There Are Things They're Not Telling You
       

In the beginning there are red apples
& green apples & sometimes yellow apples.
If you crush them you get cider. Back then
everyone drank cider even little kids even
for breakfast. A fungus got on the apples
for the cider & into the cider & then
everyone started seeing witches. Duck duck goose.
Holy holy witch. They put rocks on the witches
until they were crushed like apples. Sin exists
because of apples but it isn't the apples' fault
you see sin exists because the story had to begin.
Because the girl. Because the rot. Because
all the endless seeding. You've never seen a witch
but you've seen bottle flies around a pregnant cow's
eye. You've seen the road rechristened
each spring in its frog spawn of moist pupils
which look like olives but they tell you no
you can't eat them & you are certain
there are things they're not telling you.
Johnny Appleseed comes & walks over the earth
& spreads his seed behind him like a trail of eyes
or the pebbly defeca of deer walking
in the forest. On the trail one day: a luna moth,
its body eaten out, the wings & tail left,
as if consumed only with half a heart.
You should eat one a day but not the seeds
the seeds will kill you. As if you can separate
the part that kills from the part you need to live.
No not the cigarettes you made a promise
to your mother. Beer? Copiously but rarely. Acid?
Yes because. This amber stamp you take
in the attic of what used to be a farmhouse.

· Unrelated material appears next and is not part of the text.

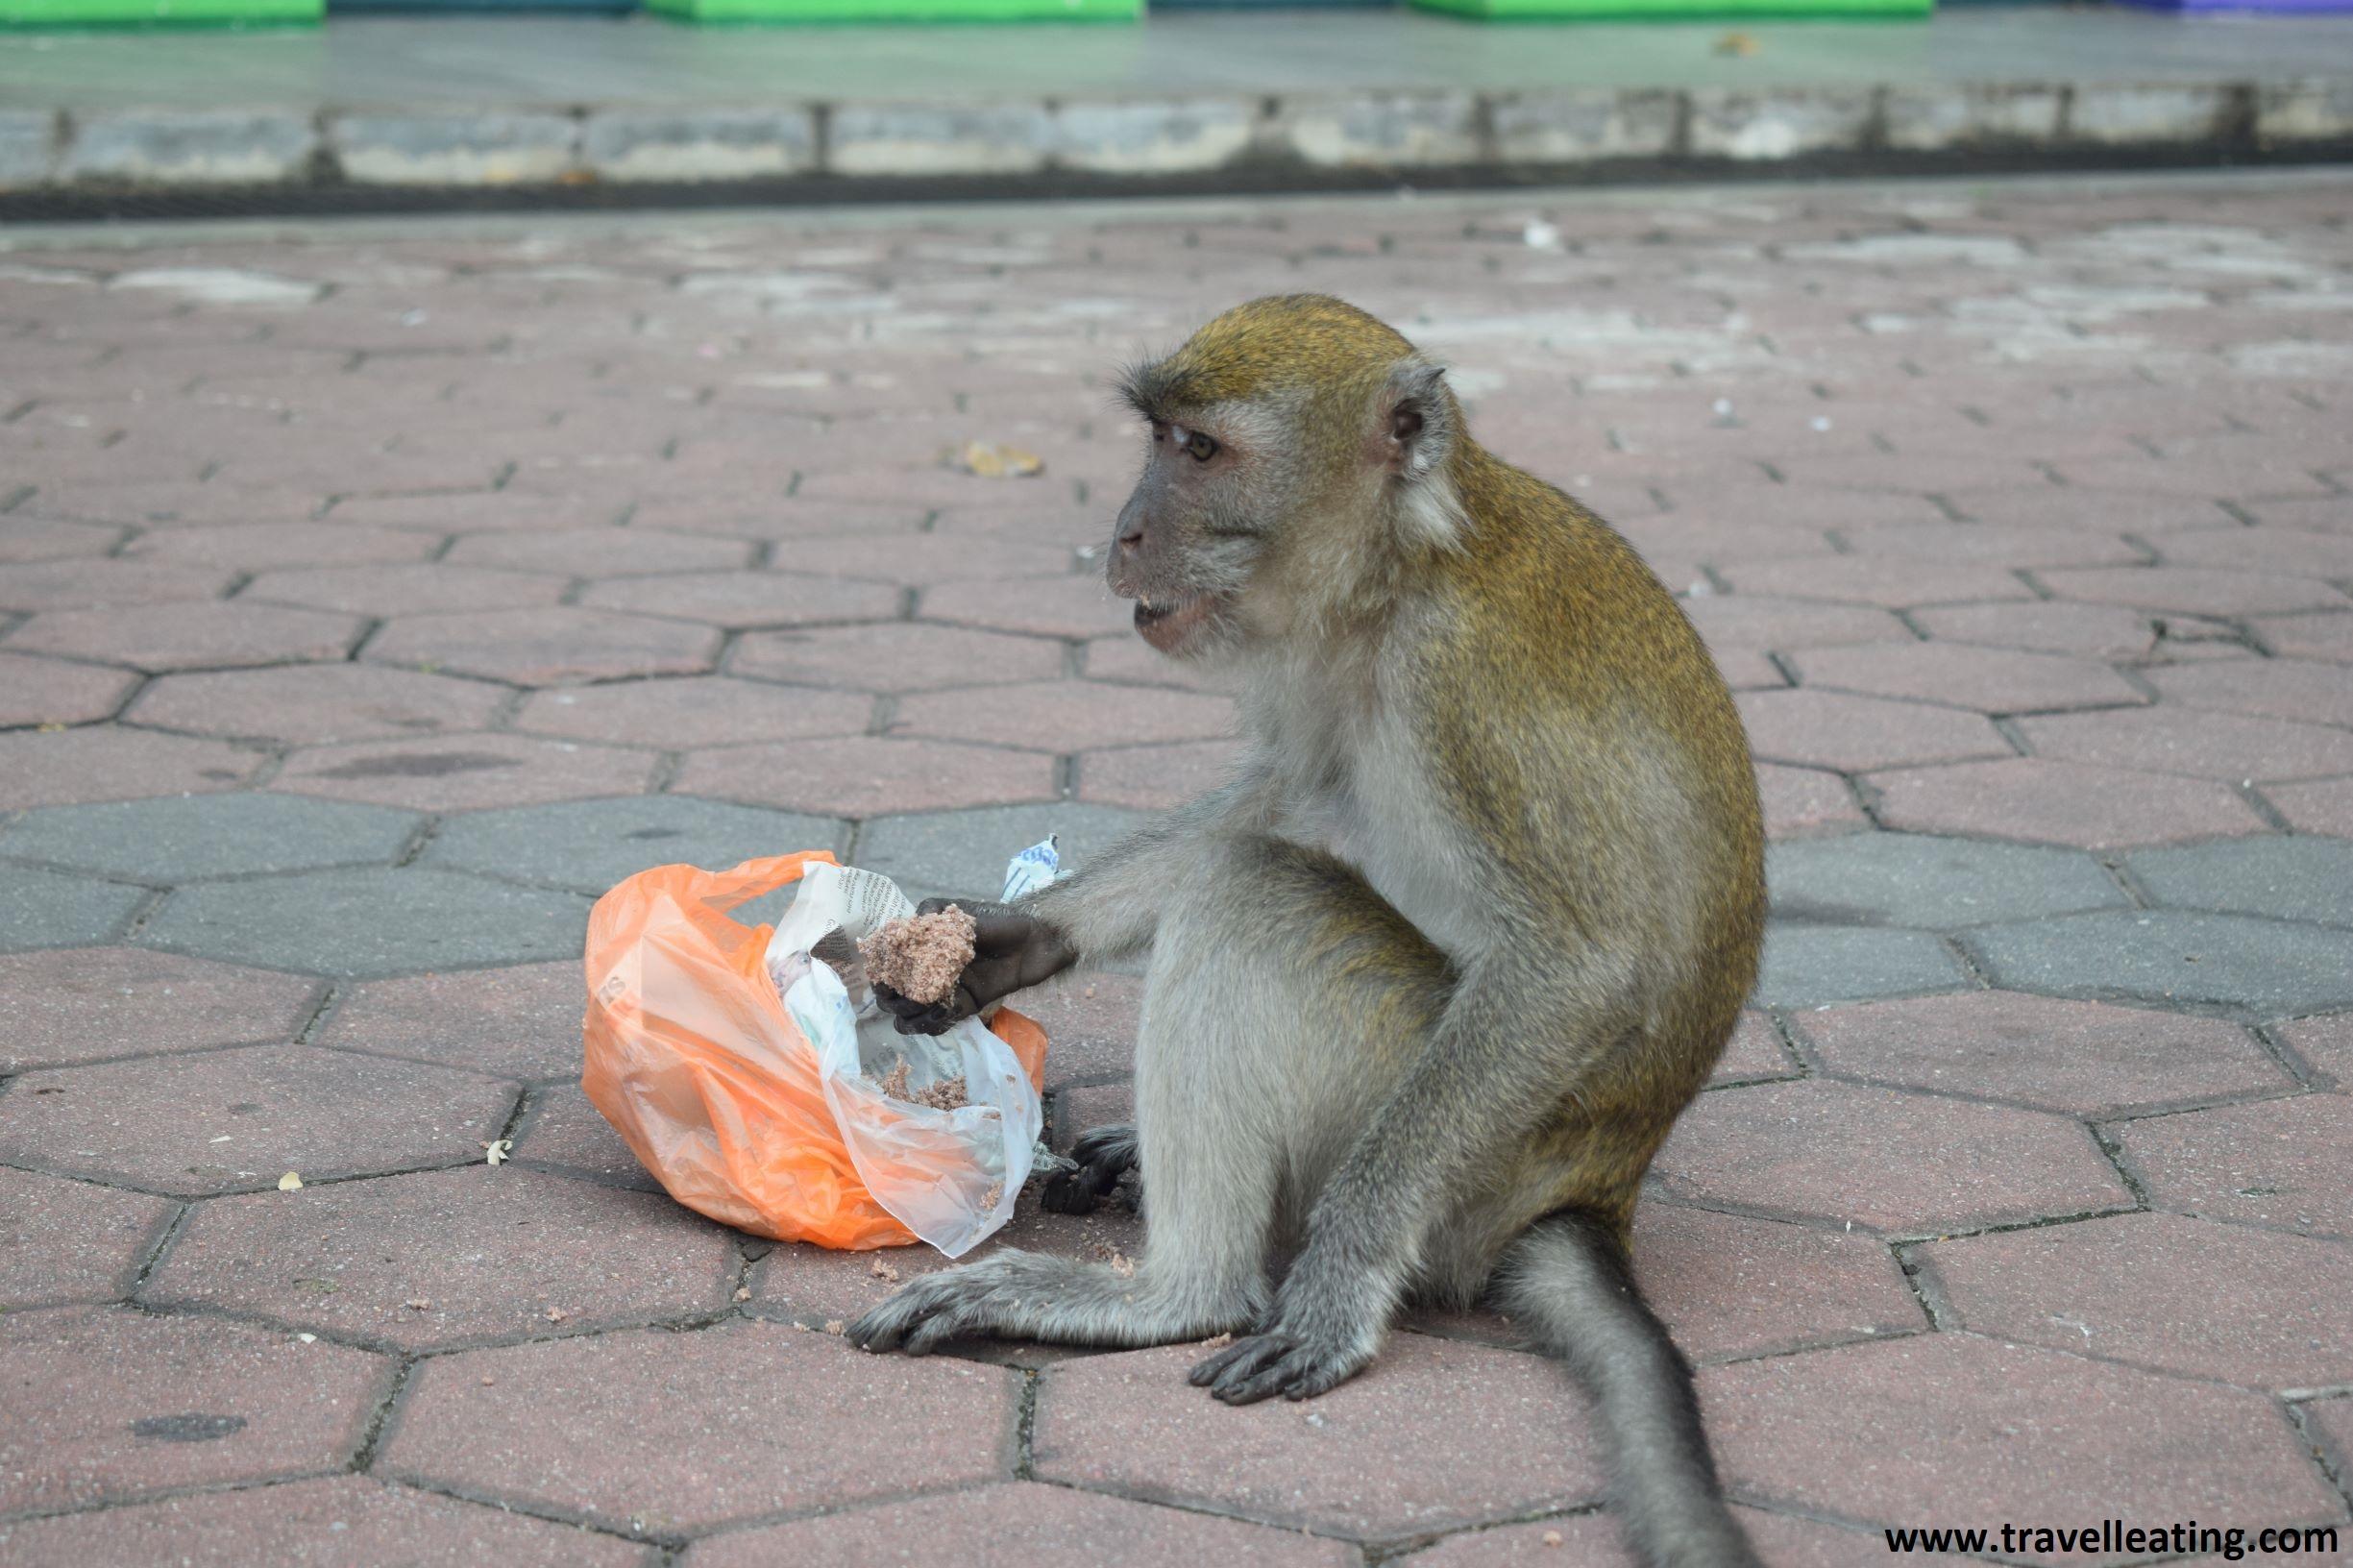 Alimentar a los animales con comida no adecuada para ellos todavía les es más perjudicial. Como este mono comiendo dulces en las Batu Caves.

It comes from mold fungus on bread. You take it
& see what mold sees, live how mold lives, nothing
not expanding & dying off in endless holograms
of itself, the trees branches bare in mid-winter
brimming forth leaves like a million child
hands in seconds & dying back in the time
it takes you to breathe & you think this is the God
they spoke of in the dryer sheet-scented pew
on all those Sundays anathema-ed with sleep,
the days blurring mushed to a pulp in your mouth.
The gnostics believe there is a God but that
he is not good. That he created our world
out of a selfish need to be worshiped, to be loved.
You study this in college but only get so far.
You take the apple in your hand, its skin spotted
like the hide of an appaloosa. Here, there is no prince.
Nothing to put you to sleep. Nothing to save you.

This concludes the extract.